Attacker is remote and unauthenticated (AV:N/PR:N), but AC:H because success depends on a target-side empty-secret misconfiguration; full auth bypass yields C:H/I:H, no availability impact.

3.1 AV:N/AC:H/PR:N/UI:N/S:U/C:H/I:H/A:N
4.0 AV:N/AC:L/AT:P/PR:N/UI:N/VC:H/VI:H/VA:N/SC:N/SI:N/SA:N

Estimated by vuln.today — no official severity rating has been published for this CVE yet.

Lifecycle Timeline

1
Analysis Generated
Jul 02, 2026 - 19:32 vuln.today

Blast Radius

ecosystem impact
† from your stack dependencies † transitive graph · vuln.today resolves 4-path depth
  • 4 pypi packages depend on joserfc (3 direct, 1 indirect)

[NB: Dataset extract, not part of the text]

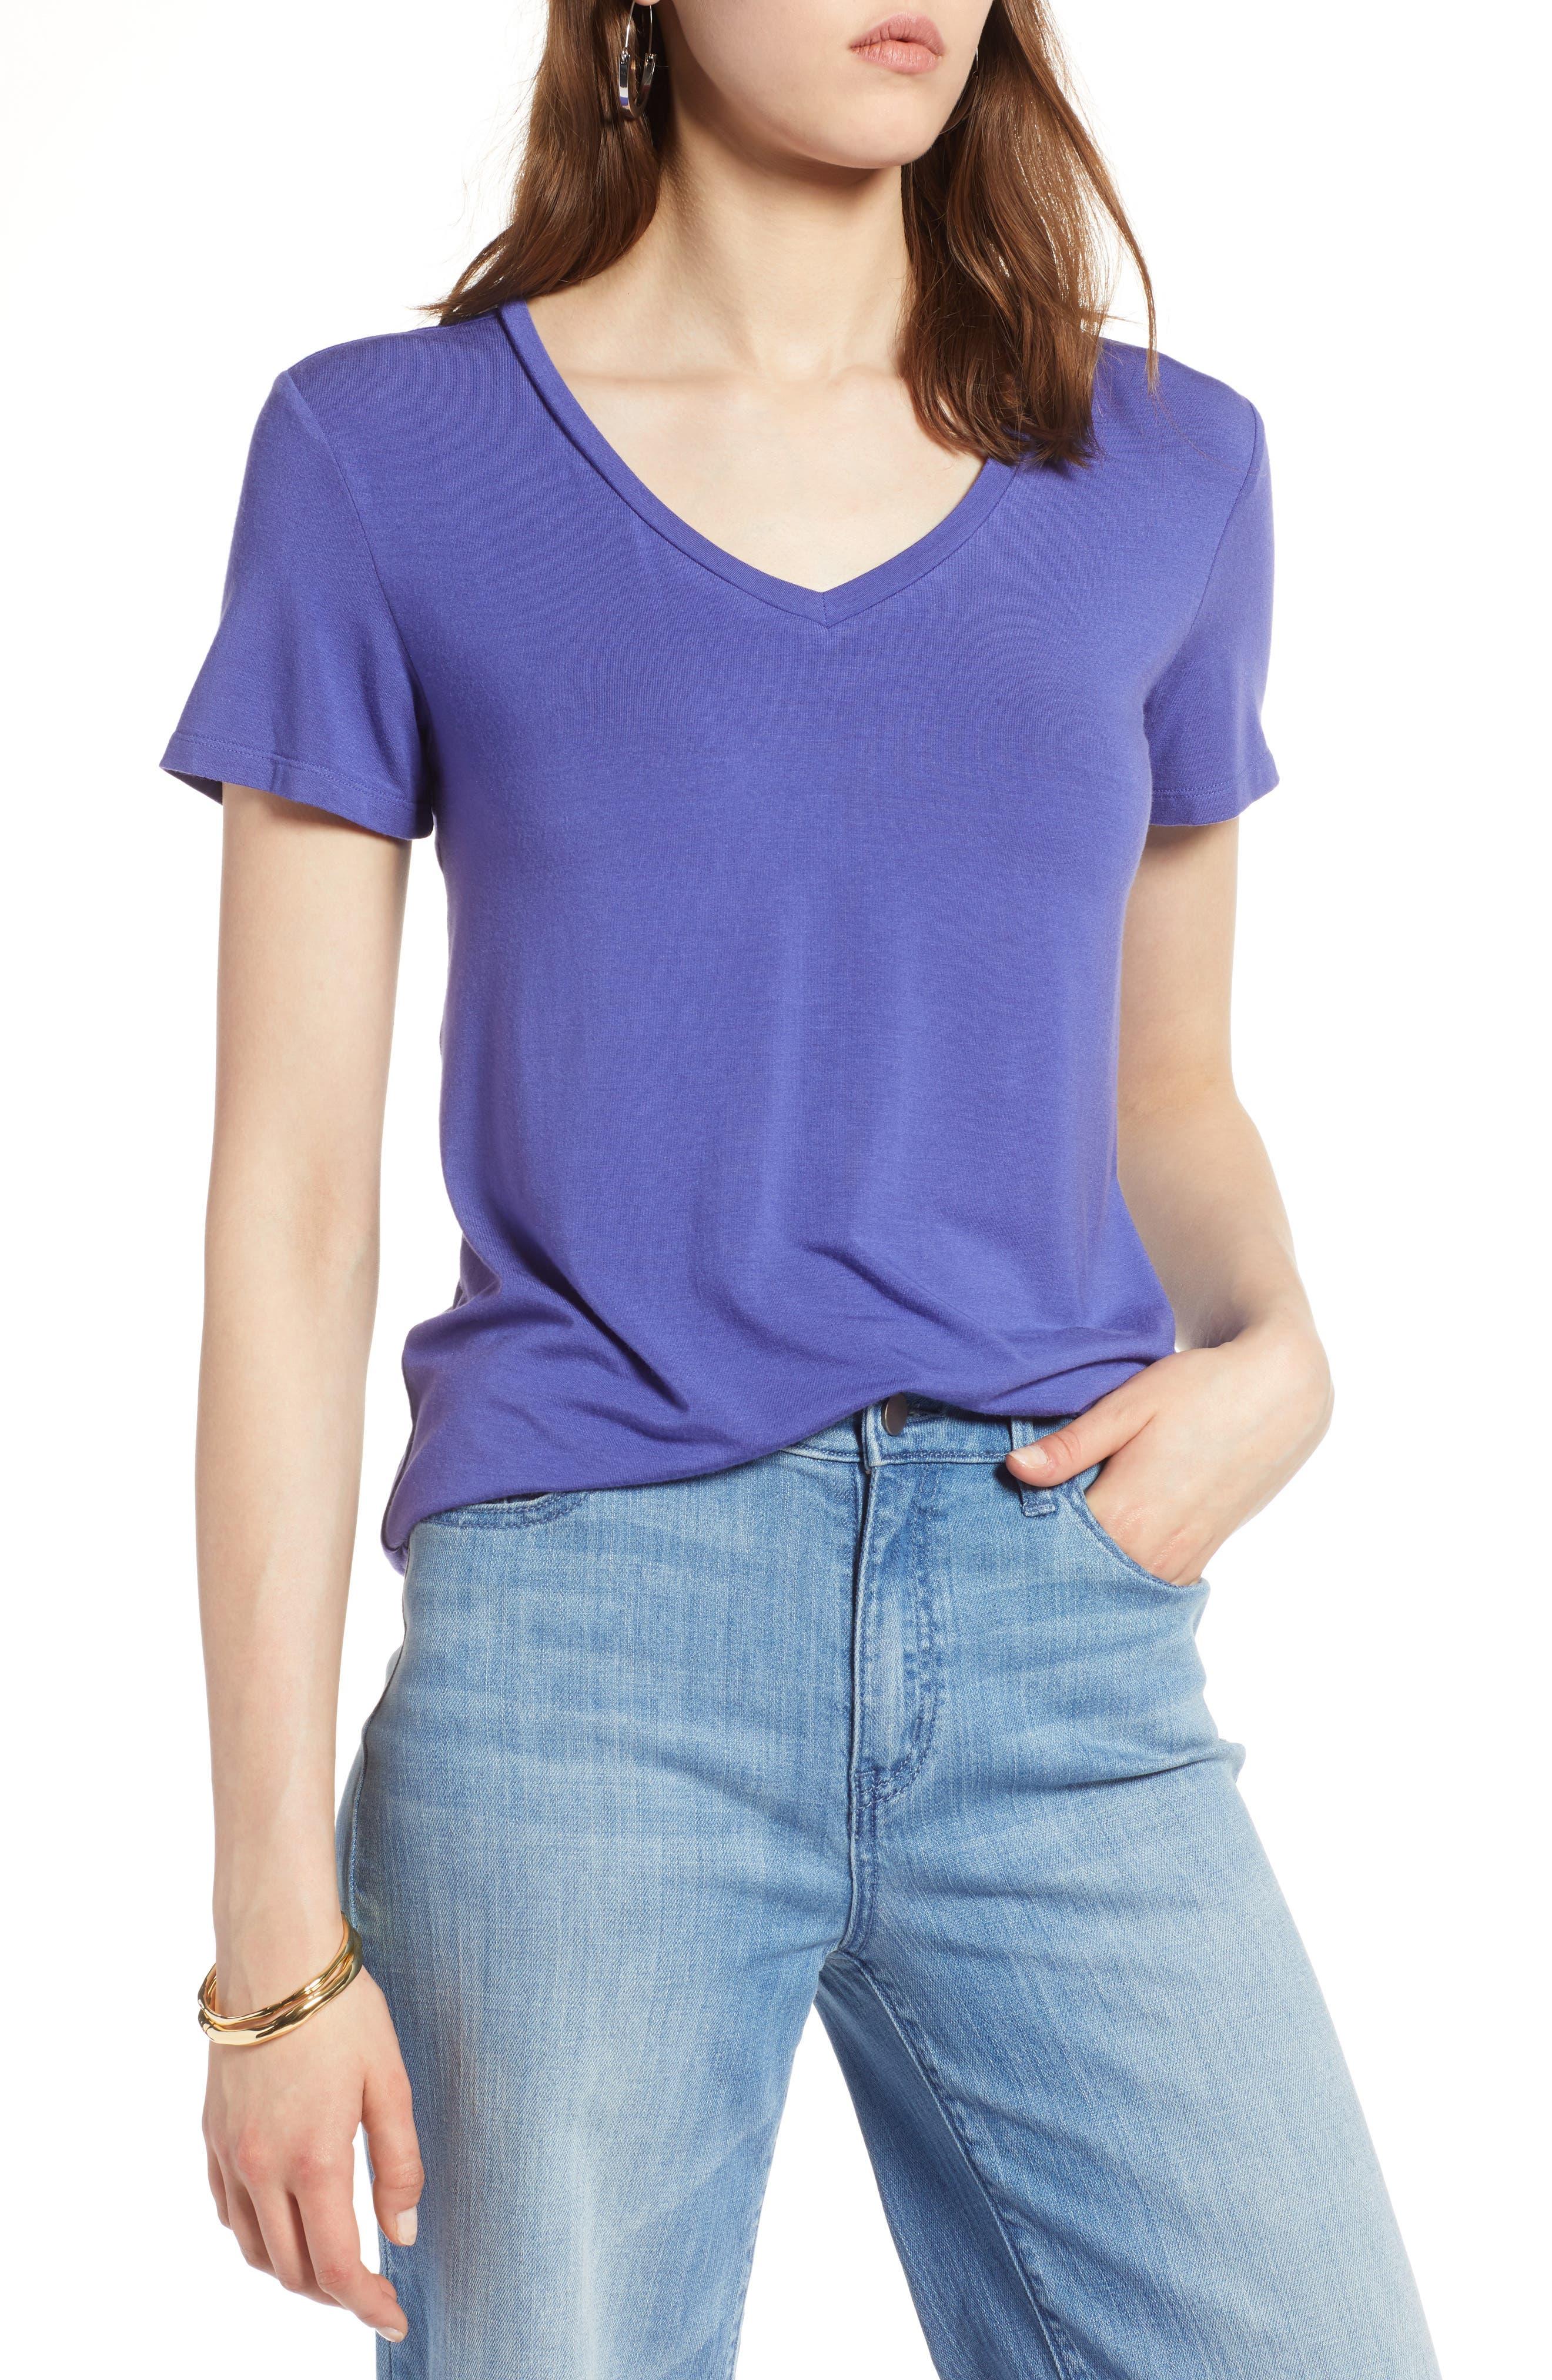 Betty Co Women's 3/4 Sleeve T-Shirt Blau (Lilac 8005) Cost Clearance Order Cheap Sale Top Quality Original Classic 00prW0L

Ecosystem-wide dependent count for version 1.6.8.

DescriptionCVE.org

Summary

joserfc.jwt.decode accepts attacker-forged HMAC-signed tokens when the caller-supplied verification key is the empty string or None. HMACAlgorithm.sign and HMACAlgorithm.verify in src/joserfc/_rfc7518/jws_algs.py:62-70 feed whatever OctKey.get_op_key(...) produced into hmac.new(...), and OctKey.import_key only emits a SecurityWarning when the raw key is shorter than 14 bytes without rejecting zero-length input. Any application whose JWT secret is sourced from an unset environment variable, an unset Redis / DB row, a key finder fallback that returns "", or a Hash.new("")-style default verifies attacker tokens forged with HMAC(key=b"", signing_input) because the attacker trivially reproduces the same digest with no secret knowledge.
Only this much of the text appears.